#### TRY IT:
Each of the lines from the one that contains "Veratex Froté prostěradlo" to the end of the entries below should be output exactly.

• • •

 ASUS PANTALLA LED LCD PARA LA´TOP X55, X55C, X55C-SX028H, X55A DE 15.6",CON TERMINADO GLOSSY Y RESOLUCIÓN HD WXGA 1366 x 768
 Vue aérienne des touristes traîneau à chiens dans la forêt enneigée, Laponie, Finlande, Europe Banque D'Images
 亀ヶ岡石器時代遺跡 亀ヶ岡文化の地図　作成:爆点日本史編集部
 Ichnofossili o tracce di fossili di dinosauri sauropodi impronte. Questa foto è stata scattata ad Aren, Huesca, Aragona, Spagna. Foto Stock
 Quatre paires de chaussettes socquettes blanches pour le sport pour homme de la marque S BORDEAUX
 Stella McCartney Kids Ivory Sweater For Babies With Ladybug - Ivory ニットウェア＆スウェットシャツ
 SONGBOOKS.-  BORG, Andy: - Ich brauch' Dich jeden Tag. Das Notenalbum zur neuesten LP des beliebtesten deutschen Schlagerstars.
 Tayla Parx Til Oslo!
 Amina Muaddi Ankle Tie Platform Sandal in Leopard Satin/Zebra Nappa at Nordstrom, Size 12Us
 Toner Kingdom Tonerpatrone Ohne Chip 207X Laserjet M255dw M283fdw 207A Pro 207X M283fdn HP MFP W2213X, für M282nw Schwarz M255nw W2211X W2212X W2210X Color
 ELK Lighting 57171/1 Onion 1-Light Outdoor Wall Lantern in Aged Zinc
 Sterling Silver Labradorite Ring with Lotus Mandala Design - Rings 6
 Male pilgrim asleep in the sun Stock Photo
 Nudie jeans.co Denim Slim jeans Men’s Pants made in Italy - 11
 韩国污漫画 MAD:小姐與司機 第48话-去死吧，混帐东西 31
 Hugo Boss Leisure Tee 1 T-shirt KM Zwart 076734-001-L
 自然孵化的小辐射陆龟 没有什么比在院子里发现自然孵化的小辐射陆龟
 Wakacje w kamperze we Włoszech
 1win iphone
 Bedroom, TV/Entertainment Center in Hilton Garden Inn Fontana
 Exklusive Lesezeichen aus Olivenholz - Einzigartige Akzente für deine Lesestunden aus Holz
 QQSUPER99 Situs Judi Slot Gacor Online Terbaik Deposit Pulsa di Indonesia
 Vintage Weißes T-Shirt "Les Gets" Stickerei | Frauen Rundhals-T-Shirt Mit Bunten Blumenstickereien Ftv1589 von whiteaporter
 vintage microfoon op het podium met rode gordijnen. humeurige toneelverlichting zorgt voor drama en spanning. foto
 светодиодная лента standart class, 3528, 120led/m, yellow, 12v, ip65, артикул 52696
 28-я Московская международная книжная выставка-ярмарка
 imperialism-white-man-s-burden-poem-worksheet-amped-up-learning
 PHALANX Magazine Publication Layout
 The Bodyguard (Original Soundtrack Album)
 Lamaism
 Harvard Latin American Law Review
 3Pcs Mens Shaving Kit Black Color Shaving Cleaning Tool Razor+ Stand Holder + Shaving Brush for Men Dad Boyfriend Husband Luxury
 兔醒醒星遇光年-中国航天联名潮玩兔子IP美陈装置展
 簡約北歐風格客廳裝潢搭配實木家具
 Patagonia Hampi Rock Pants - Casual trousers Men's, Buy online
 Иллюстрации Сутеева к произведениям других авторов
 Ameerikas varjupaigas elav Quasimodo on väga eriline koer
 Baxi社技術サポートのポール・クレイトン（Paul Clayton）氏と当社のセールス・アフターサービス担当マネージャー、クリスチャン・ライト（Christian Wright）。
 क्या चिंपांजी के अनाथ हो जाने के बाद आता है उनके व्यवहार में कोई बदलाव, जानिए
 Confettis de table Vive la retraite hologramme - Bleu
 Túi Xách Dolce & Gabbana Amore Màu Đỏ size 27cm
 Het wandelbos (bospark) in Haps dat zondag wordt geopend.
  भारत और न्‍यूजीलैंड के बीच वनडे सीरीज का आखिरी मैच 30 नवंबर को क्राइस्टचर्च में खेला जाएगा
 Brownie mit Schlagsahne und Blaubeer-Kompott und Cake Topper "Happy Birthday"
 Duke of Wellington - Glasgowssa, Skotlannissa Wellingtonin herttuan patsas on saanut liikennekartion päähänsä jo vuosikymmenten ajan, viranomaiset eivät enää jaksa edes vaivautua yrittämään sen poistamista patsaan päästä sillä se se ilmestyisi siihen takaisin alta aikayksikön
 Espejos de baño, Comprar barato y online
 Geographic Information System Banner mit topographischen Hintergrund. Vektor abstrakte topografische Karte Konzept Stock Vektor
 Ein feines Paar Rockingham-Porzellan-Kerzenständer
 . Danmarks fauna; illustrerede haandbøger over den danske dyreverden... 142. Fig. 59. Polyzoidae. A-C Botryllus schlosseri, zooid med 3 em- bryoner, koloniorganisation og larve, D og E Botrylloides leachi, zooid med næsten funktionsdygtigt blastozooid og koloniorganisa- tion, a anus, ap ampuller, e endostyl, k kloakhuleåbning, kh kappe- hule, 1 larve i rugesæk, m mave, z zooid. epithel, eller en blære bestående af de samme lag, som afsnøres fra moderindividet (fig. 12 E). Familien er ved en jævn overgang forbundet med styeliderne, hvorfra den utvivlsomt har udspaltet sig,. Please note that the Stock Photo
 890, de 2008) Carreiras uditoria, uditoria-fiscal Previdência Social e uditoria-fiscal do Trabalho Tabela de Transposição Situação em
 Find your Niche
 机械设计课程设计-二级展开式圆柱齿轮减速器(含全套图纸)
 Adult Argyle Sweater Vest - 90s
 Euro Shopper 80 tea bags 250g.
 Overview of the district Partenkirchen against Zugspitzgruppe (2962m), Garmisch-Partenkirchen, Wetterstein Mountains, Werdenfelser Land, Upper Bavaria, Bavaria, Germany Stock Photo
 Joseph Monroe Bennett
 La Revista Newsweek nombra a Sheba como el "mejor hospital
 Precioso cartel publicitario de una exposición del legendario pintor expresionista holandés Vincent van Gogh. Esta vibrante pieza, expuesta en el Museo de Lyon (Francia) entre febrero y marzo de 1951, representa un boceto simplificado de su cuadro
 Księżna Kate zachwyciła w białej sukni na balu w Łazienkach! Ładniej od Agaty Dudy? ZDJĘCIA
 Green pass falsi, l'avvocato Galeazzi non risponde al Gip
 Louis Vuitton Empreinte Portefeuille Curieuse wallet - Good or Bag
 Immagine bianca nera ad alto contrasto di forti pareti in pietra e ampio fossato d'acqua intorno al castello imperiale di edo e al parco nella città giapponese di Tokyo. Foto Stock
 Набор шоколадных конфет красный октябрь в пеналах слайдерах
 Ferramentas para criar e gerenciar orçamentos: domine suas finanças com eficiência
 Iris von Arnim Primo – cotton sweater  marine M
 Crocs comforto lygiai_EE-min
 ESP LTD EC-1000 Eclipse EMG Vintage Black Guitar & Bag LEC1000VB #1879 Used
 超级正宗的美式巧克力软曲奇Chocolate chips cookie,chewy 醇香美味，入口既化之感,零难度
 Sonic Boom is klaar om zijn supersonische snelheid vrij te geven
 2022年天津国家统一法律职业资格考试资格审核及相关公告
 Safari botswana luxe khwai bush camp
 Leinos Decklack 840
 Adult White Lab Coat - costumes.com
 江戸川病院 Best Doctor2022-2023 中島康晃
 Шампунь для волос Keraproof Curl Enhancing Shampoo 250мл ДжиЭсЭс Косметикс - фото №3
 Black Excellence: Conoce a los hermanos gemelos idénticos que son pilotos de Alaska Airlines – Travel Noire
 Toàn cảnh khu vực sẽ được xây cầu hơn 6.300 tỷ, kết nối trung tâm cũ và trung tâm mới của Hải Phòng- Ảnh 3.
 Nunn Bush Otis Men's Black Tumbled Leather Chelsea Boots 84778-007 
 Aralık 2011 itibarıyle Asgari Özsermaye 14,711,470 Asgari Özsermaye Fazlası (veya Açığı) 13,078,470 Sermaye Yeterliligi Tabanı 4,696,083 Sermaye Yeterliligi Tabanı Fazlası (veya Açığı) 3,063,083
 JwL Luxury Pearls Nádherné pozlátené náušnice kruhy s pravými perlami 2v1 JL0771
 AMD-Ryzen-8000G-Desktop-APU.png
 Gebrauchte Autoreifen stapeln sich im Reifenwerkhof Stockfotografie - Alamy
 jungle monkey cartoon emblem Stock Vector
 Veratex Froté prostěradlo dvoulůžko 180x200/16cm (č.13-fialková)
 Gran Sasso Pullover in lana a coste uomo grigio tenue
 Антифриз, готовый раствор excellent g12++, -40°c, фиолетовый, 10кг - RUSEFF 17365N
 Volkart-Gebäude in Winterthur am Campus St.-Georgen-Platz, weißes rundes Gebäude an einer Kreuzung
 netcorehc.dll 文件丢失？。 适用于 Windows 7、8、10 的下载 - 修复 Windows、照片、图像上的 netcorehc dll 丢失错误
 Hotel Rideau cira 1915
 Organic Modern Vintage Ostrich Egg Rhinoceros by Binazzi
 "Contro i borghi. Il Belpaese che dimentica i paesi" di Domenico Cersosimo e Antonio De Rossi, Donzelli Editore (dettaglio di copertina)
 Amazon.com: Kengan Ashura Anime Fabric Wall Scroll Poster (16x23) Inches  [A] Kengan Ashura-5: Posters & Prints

• • •

#### REPLY TO THE TASK:
 Veratex Froté prostěradlo dvoulůžko 180x200/16cm (č.13-fialková)
 Gran Sasso Pullover in lana a coste uomo grigio tenue
 Антифриз, готовый раствор excellent g12++, -40°c, фиолетовый, 10кг - RUSEFF 17365N
 Volkart-Gebäude in Winterthur am Campus St.-Georgen-Platz, weißes rundes Gebäude an einer Kreuzung
 netcorehc.dll 文件丢失？。 适用于 Windows 7、8、10 的下载 - 修复 Windows、照片、图像上的 netcorehc dll 丢失错误
 Hotel Rideau cira 1915
 Organic Modern Vintage Ostrich Egg Rhinoceros by Binazzi
 "Contro i borghi. Il Belpaese che dimentica i paesi" di Domenico Cersosimo e Antonio De Rossi, Donzelli Editore (dettaglio di copertina)
 Amazon.com: Kengan Ashura Anime Fabric Wall Scroll Poster (16x23) Inches  [A] Kengan Ashura-5: Posters & Prints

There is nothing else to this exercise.